Tony Piazza of Piazza Horticultural in Southampton also worked with the client, was integral to the garden design and will join the Garden Dialogues conversation, LaGuardia said.

LaGuardia Design Group created the master plan and got the infrastructure in place. “And then we allowed her space so that she could really feel like the garden was hers, and not just turnkey, walk away,” LaGuardia said.

The home at the site is a cottage that was renovated and updated by James Merrell Architects and expanded with a modern, flat-roofed addition.

Longview

 

Hanbach will lead the discussion at Longview, which started as a new construction project in the Two Trees subdivision in Bridgehampton, working with architect Martin Sosa of Arcologica on a “blank canvas.”

“We worked collaboratively with Martin and his team in siting the house and making sure that the architecture and the landscape were integrated, thoughtfully cohesive,” Hanbach said.

The clients are year-round residents, he explained, so the challenge was to create a landscape with layers of interest in the shoulder seasons of spring and fall, not just seasonal for the summer. They addressed the challenge through their choice of plant material, using plants that will bloom in early spring and have beautiful fall foliage and berries in the winter.

He noted that the clients are very well traveled and have seen a lot of things and been to a lot of high-end resorts. They wanted a melding of resort-like detailing and lifestyle layout, with a very rustic and agrarian influence.
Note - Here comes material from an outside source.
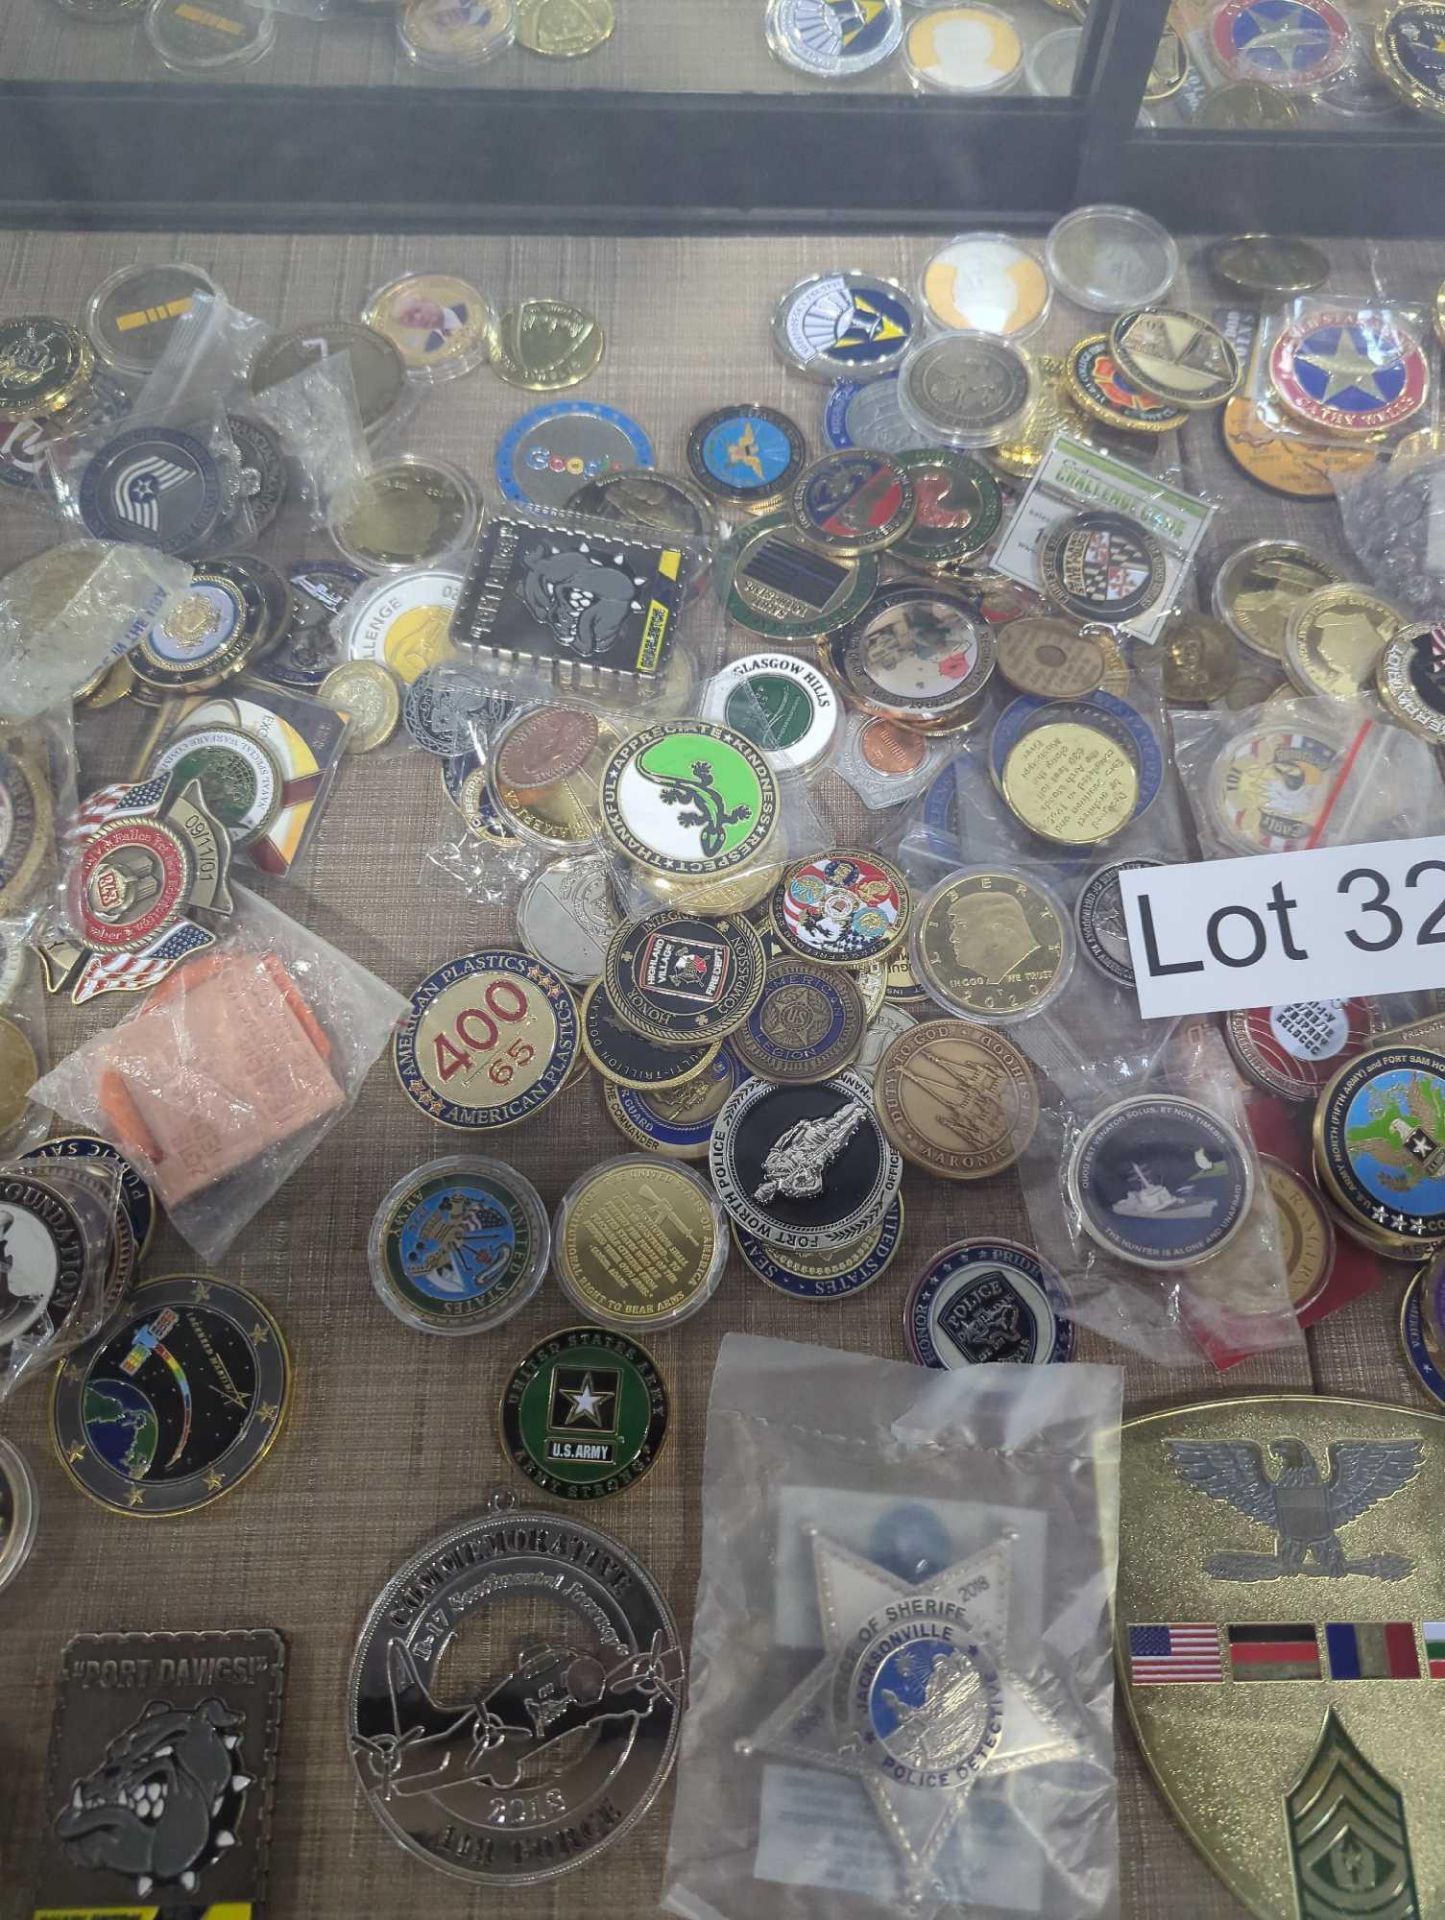 miscellaneous challenge coins and commemorative coins - Image 4 of 6

“The subdivision was an old horse farm, and so there are nods to that background,” Hanbach said. “As an example, there’s a black paddock fence out front, and that marked the properties on the subdivision.”

The clients also own many spiritually influenced sculptures from wellness retreats that were integrated into the master plan. “As you move into the different outdoor rooms, those become part of the experience,” Hanbach said.
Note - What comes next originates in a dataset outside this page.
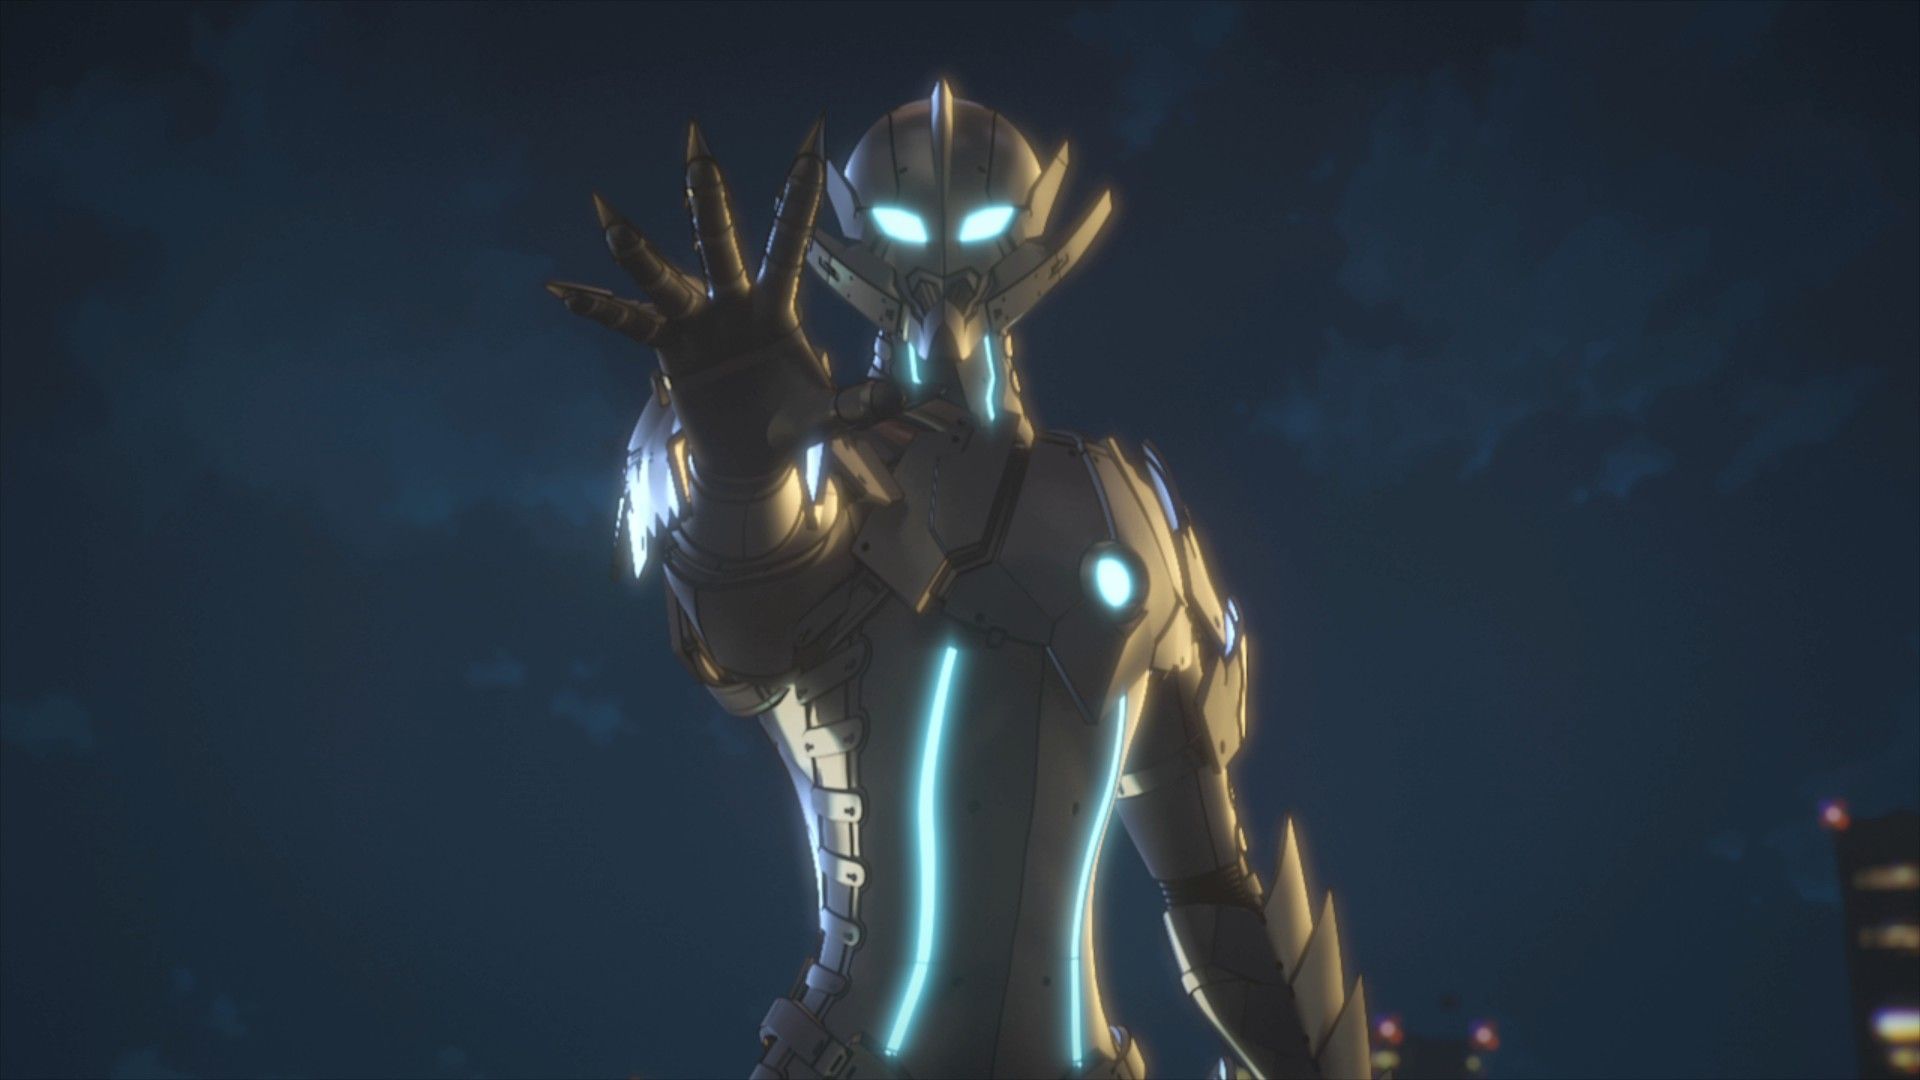 Seven, Ace, X, and More: Ultraman's Legacy

The garden rooms are not necessarily compartmentalized, he said, but the relationship between the architecture and the geometries in the landscape layout is obvious. “They’re speaking to each other, and they’re meant to relate,” he said.

Hanbach has participated in Garden Dialogues events before and said he enjoys speaking to an audience that is not captive, but captivated.

Great Allies

 

LaGuardia said the Cultural Landscape Foundation is one of landscape architects’ great allies.
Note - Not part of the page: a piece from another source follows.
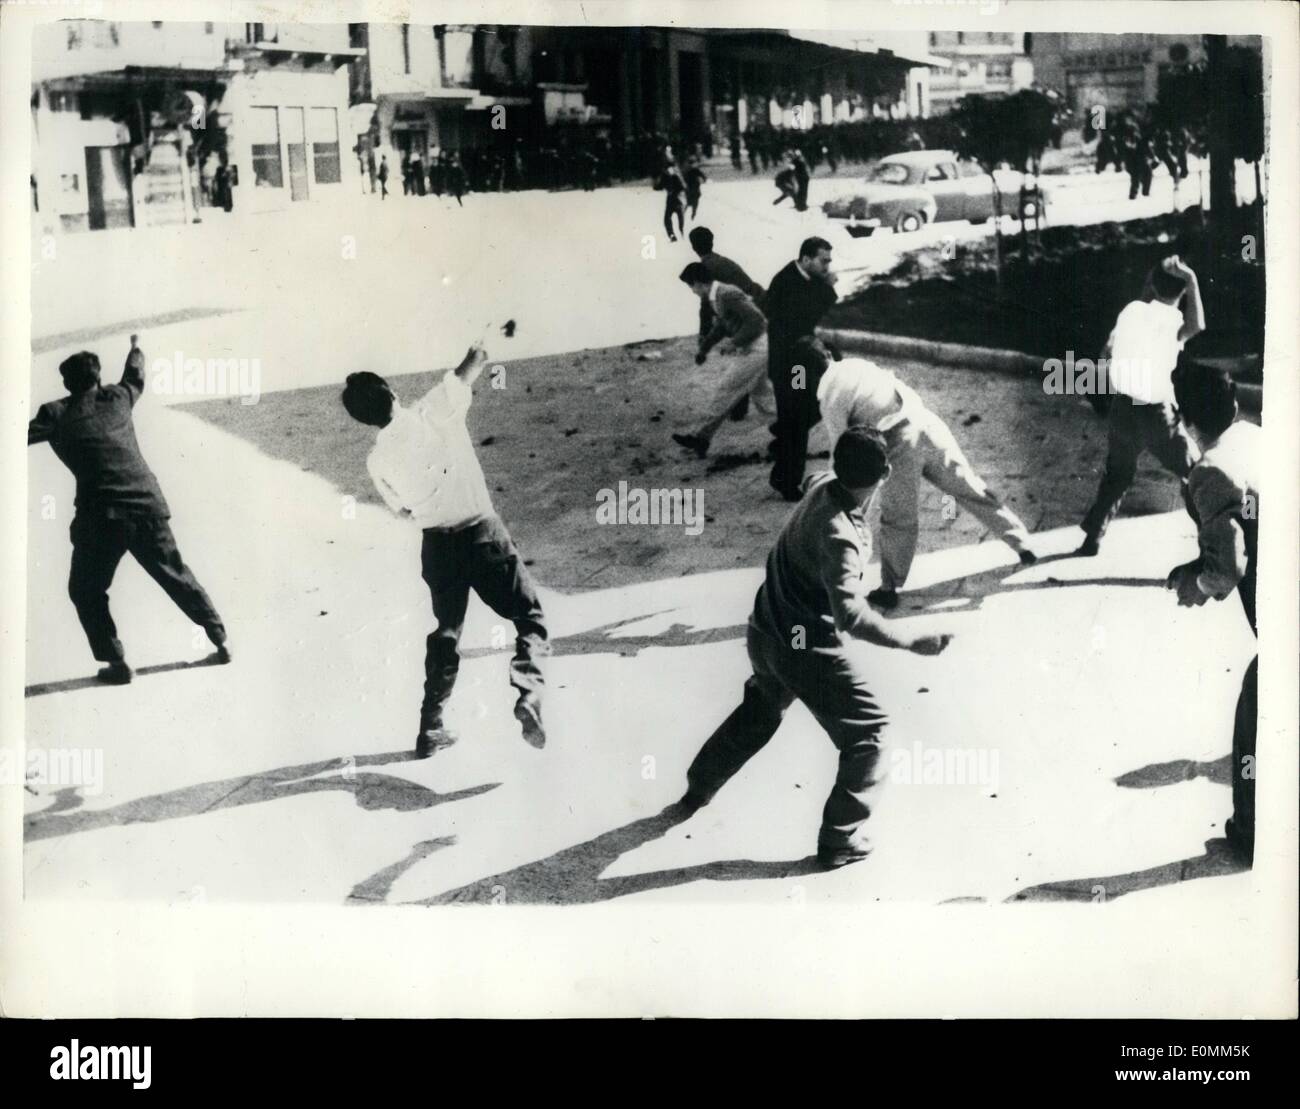 Oct. 10, 1955 - Demonstrators in Athens in Greek resistance day. Rioters throw stones at the police.; Photo shows demonstrators Stock Photo

“They’re an advocacy group, in a lot of ways, to protect works of landscape architecture that sometimes are threatened by development,” he said. “Sometimes they’re threatened by neglect, and then people figure they just want to rip it out and start over, when, in fact, it was perhaps something done by a very famous designer that no one really knows about.”

The tagline of the organization is “Connecting people to places,” he said, noting that the foundation offers guidebooks for 20 cities around the country, a database of landscape projects around the United States, and oral histories with practitioners, some of whom are now deceased.

Register at tclf.org. The Saturday, June 15, tour will run from 9 a.m. to 2 p.m. Tickets are $200.